### INSTRUCTIONS FOR THE TASK:
Once the line with "Vivienne Westwood Heart" is found in the data, output it and each following line exactly, up to and including the line with "Walimex FT 8051 Lampenstativ 260 cm", and nothing before or after.

### DATA FOR REVIEW:

--- START ---

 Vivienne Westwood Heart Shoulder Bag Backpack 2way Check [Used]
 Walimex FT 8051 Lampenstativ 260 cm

--- END ---
--- START ---

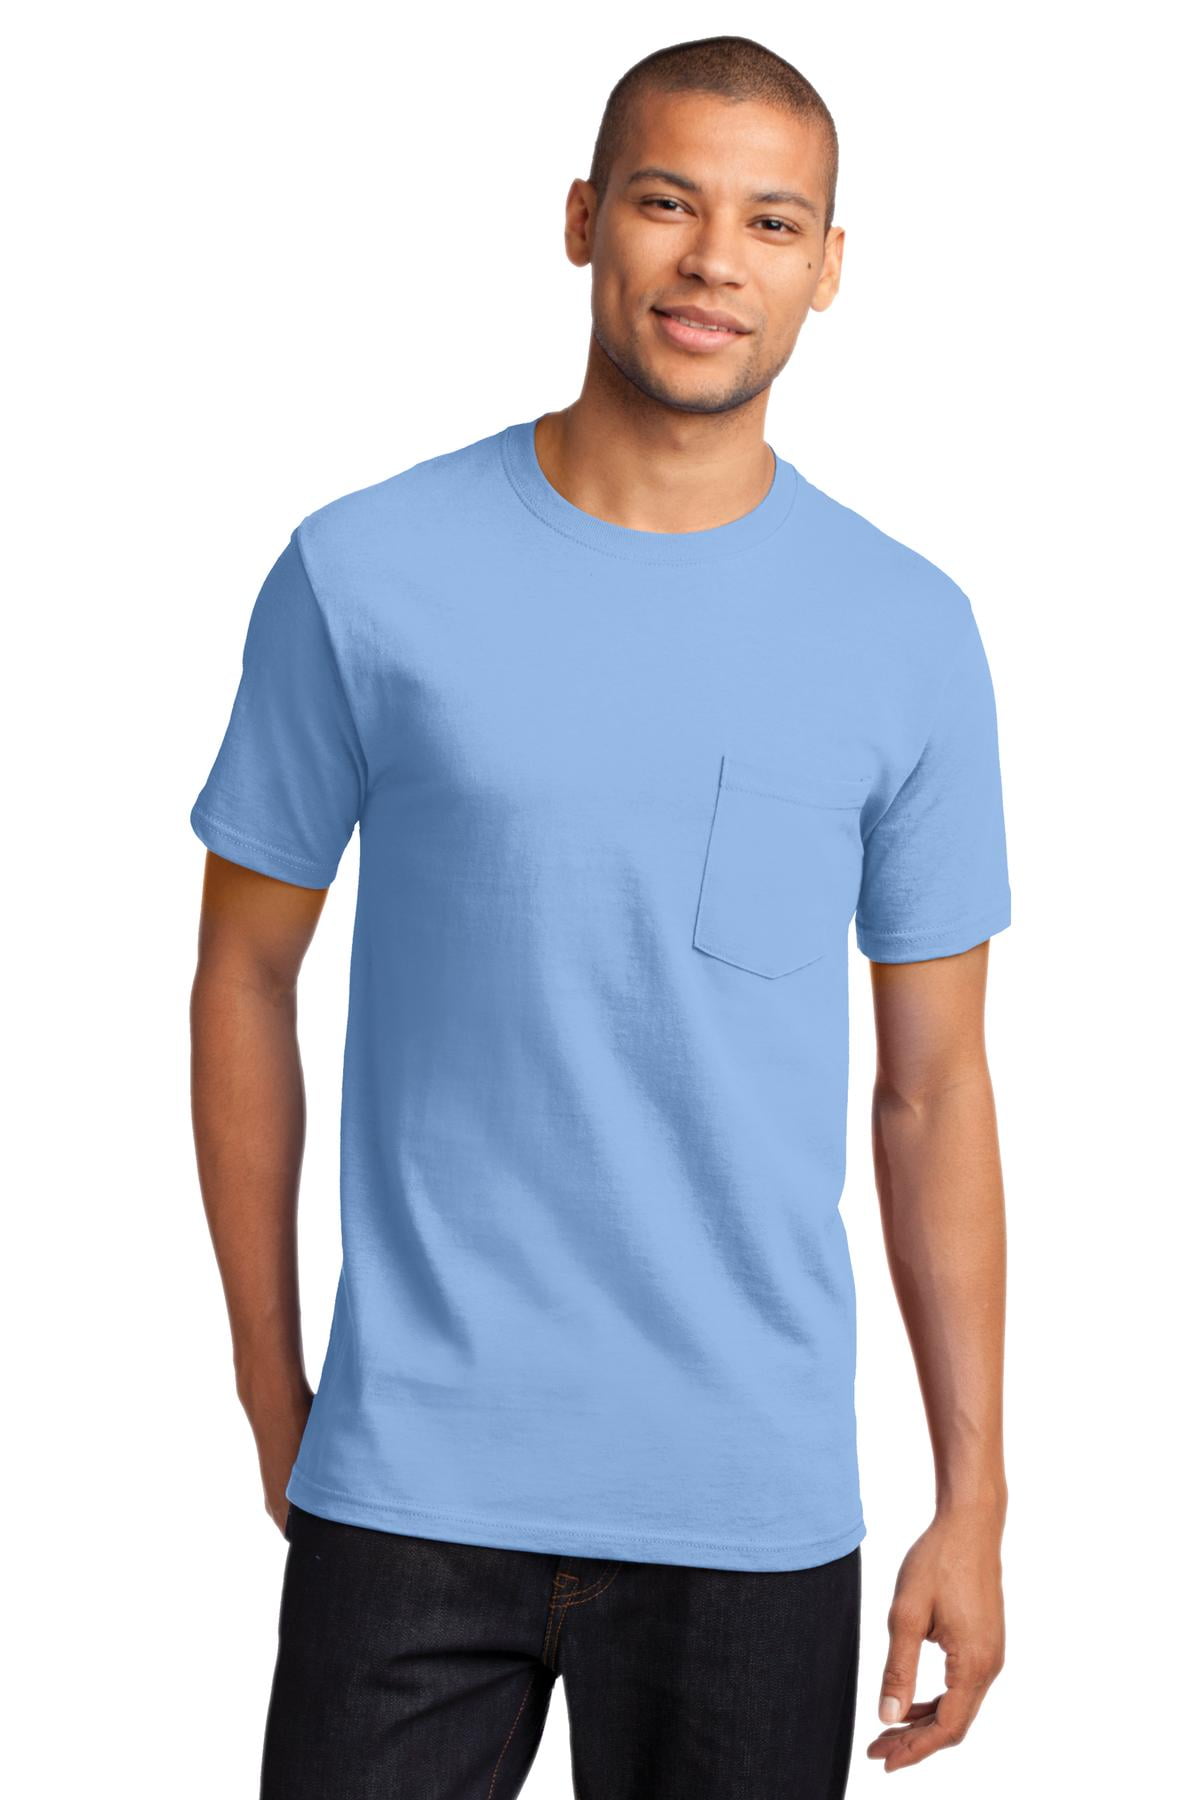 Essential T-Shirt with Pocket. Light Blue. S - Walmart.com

--- END ---
--- START ---

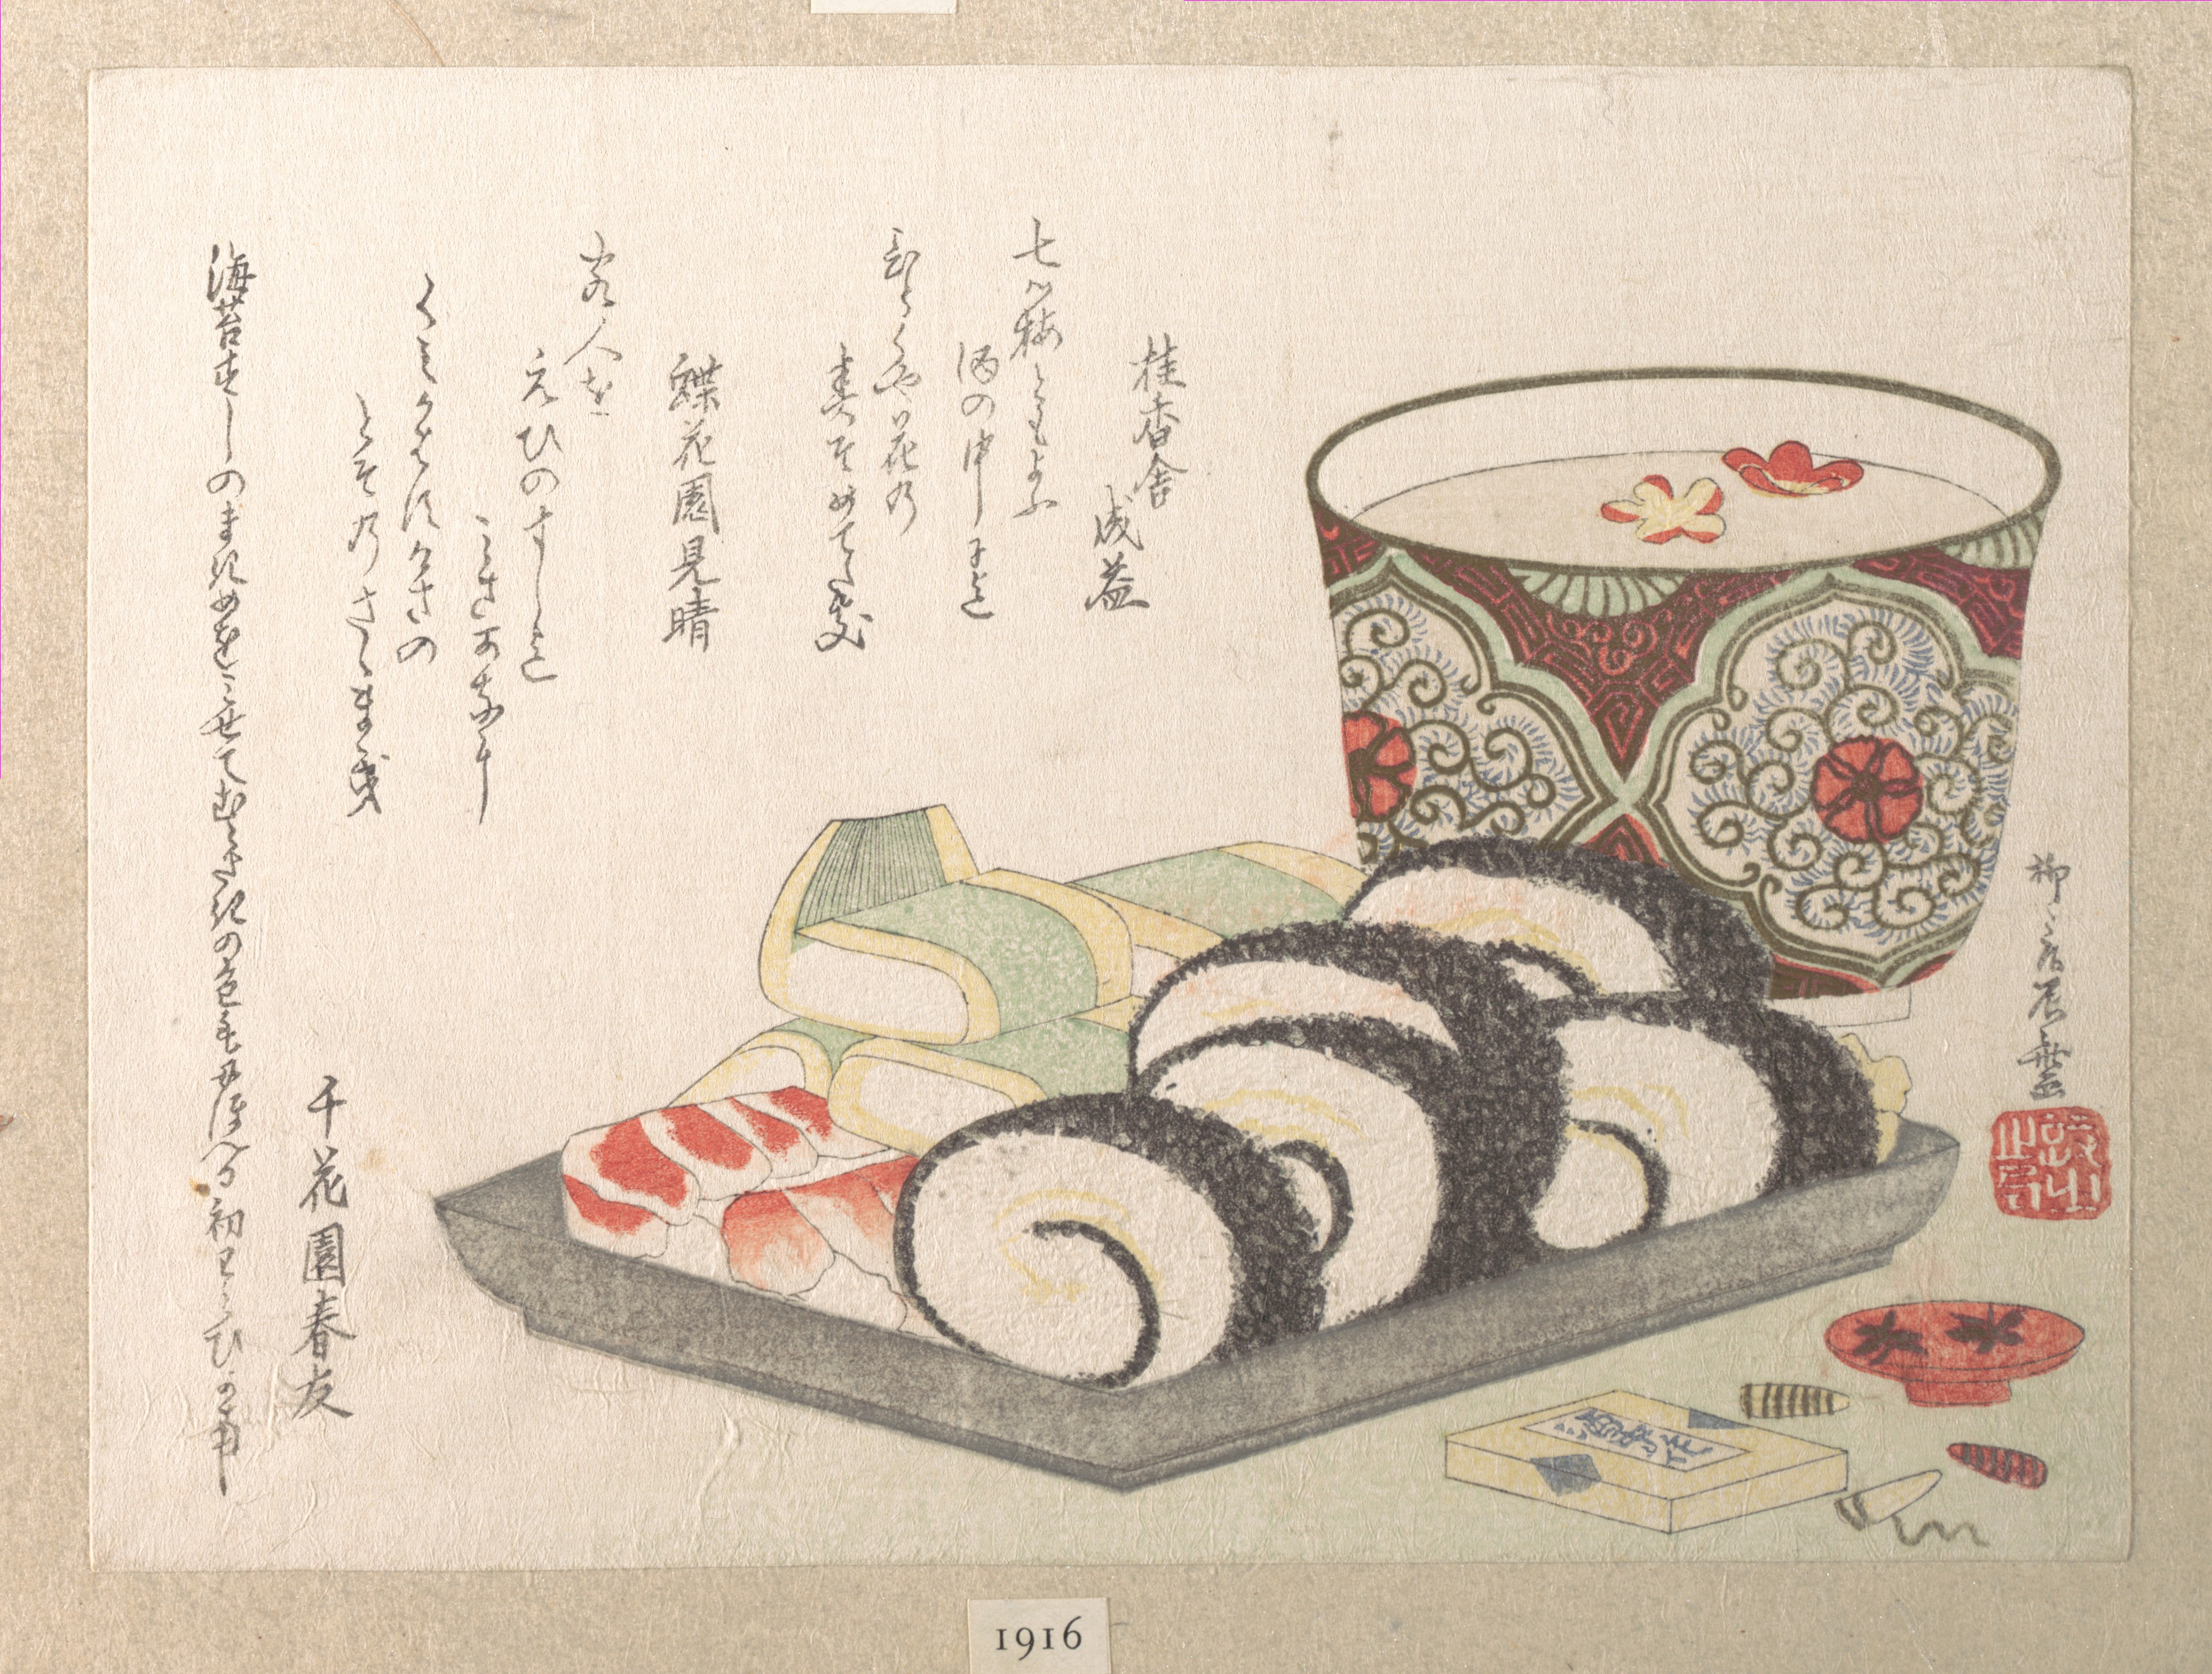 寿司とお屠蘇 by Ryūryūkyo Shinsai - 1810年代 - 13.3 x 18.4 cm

--- END ---

### REPLY TO THE TASK:
 Vivienne Westwood Heart Shoulder Bag Backpack 2way Check [Used]
 Walimex FT 8051 Lampenstativ 260 cm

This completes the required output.